====== Records provided ======
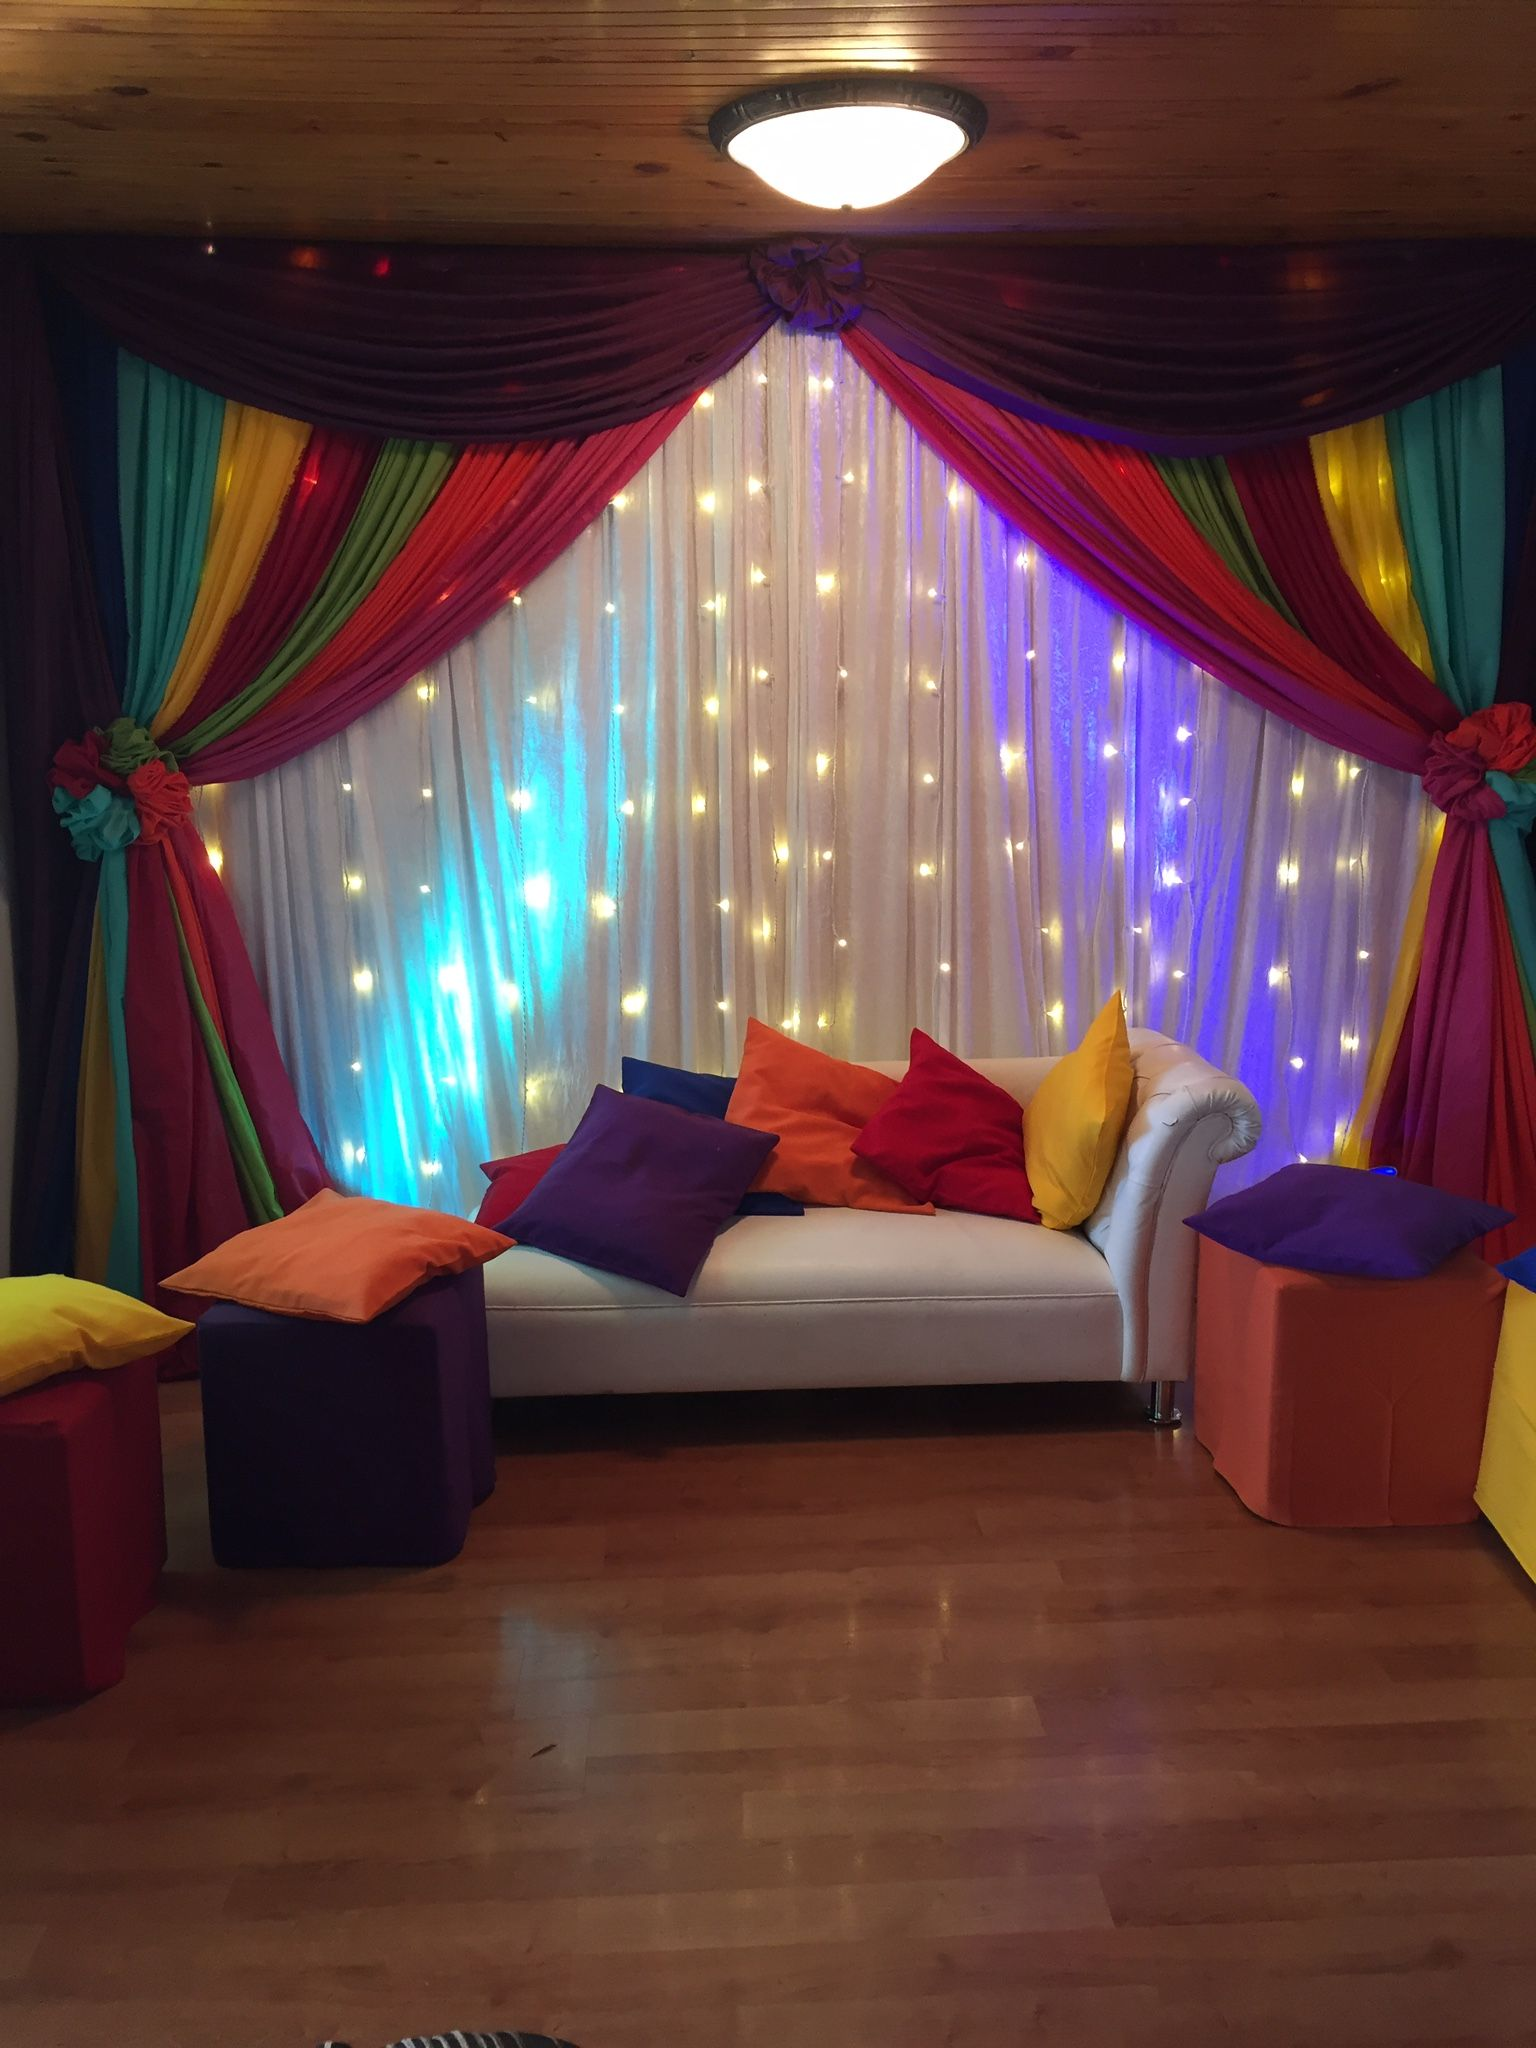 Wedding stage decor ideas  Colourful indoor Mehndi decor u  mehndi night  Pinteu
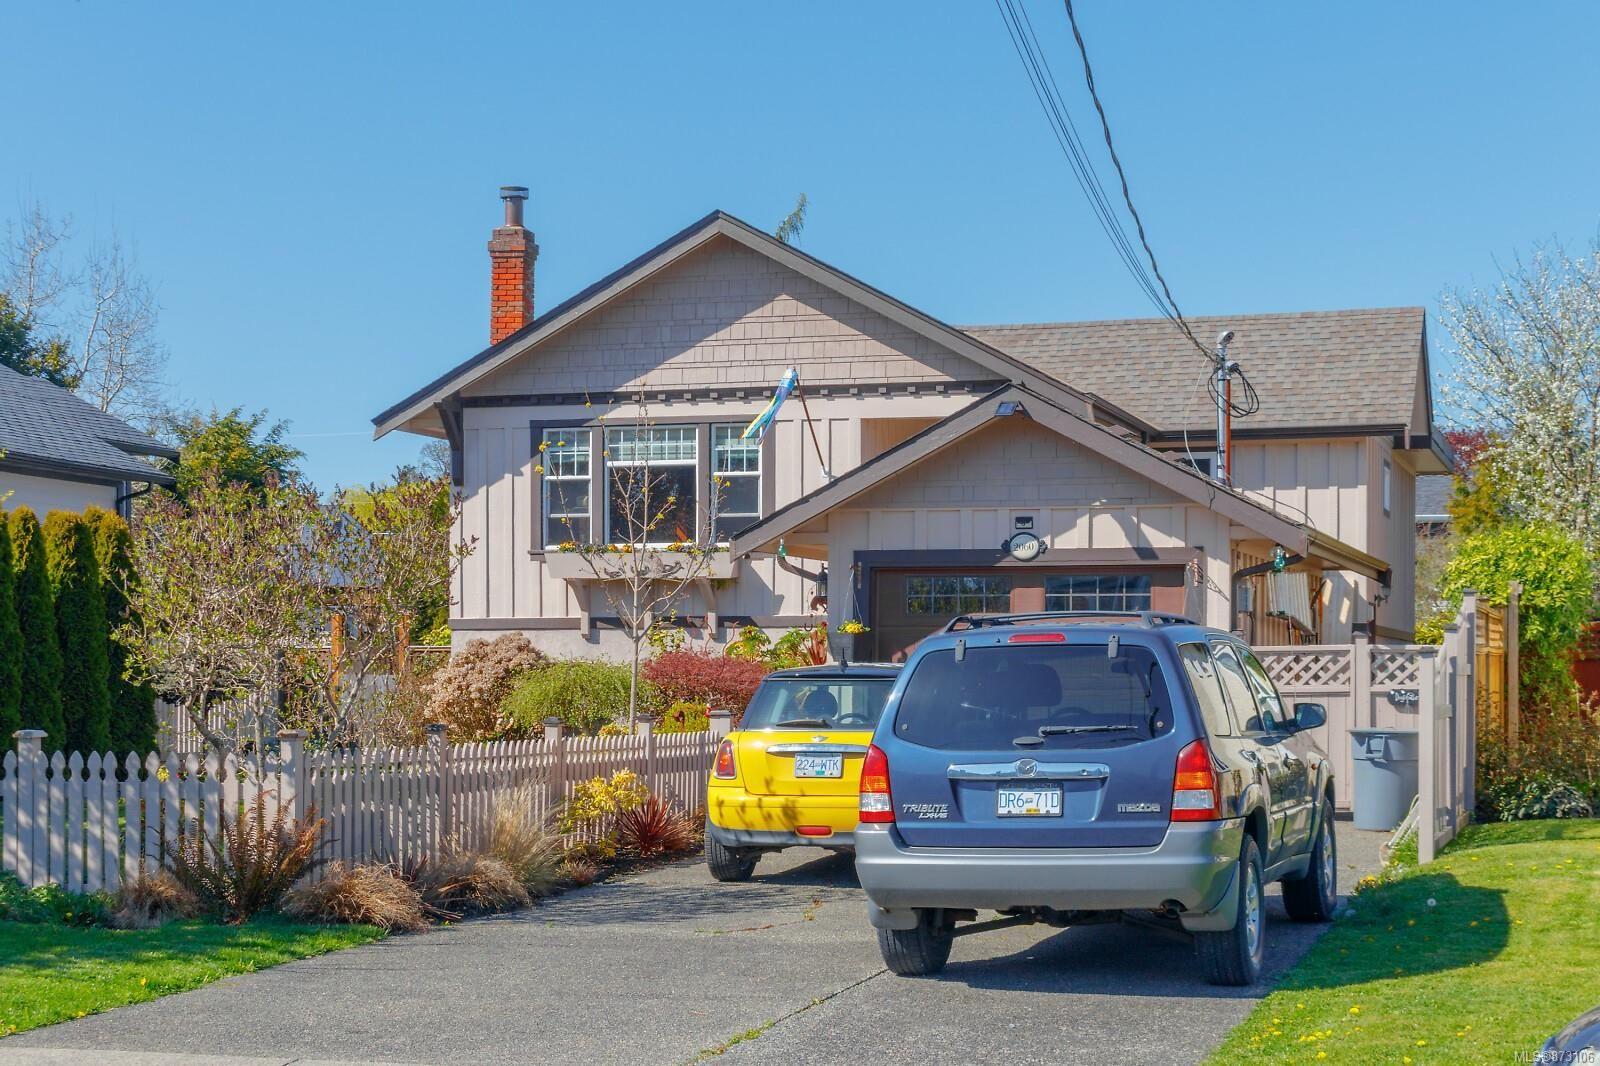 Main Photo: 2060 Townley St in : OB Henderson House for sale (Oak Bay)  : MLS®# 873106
======
====== Records provided ======
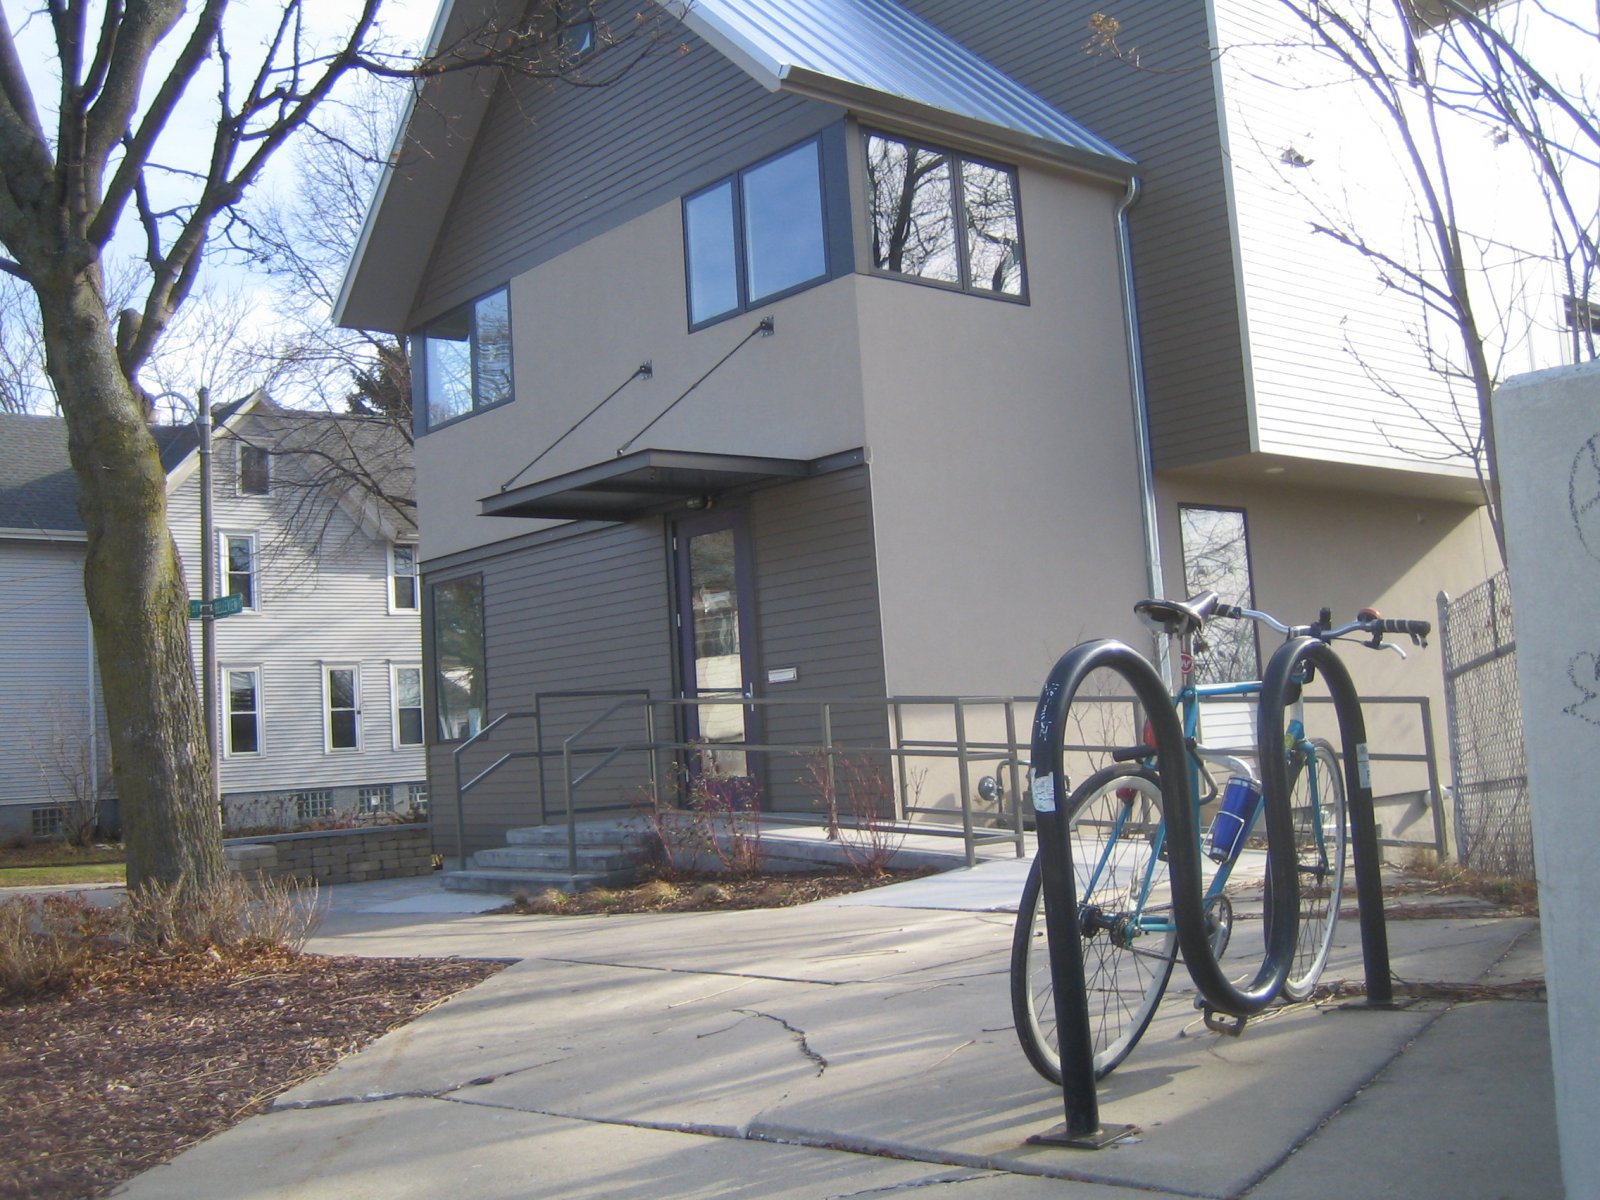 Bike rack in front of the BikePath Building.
======
### Description of the task
From the line with "Wedding stage decor" up to and including the line with "Main Photo: 2060" above, retype every line exactly and nothing more; leave out the pictures.

### Result of this task
 Wedding stage decor ideas  Colourful indoor Mehndi decor u  mehndi night  Pinteu
 Main Photo: 2060 Townley St in : OB Henderson House for sale (Oak Bay)  : MLS®# 873106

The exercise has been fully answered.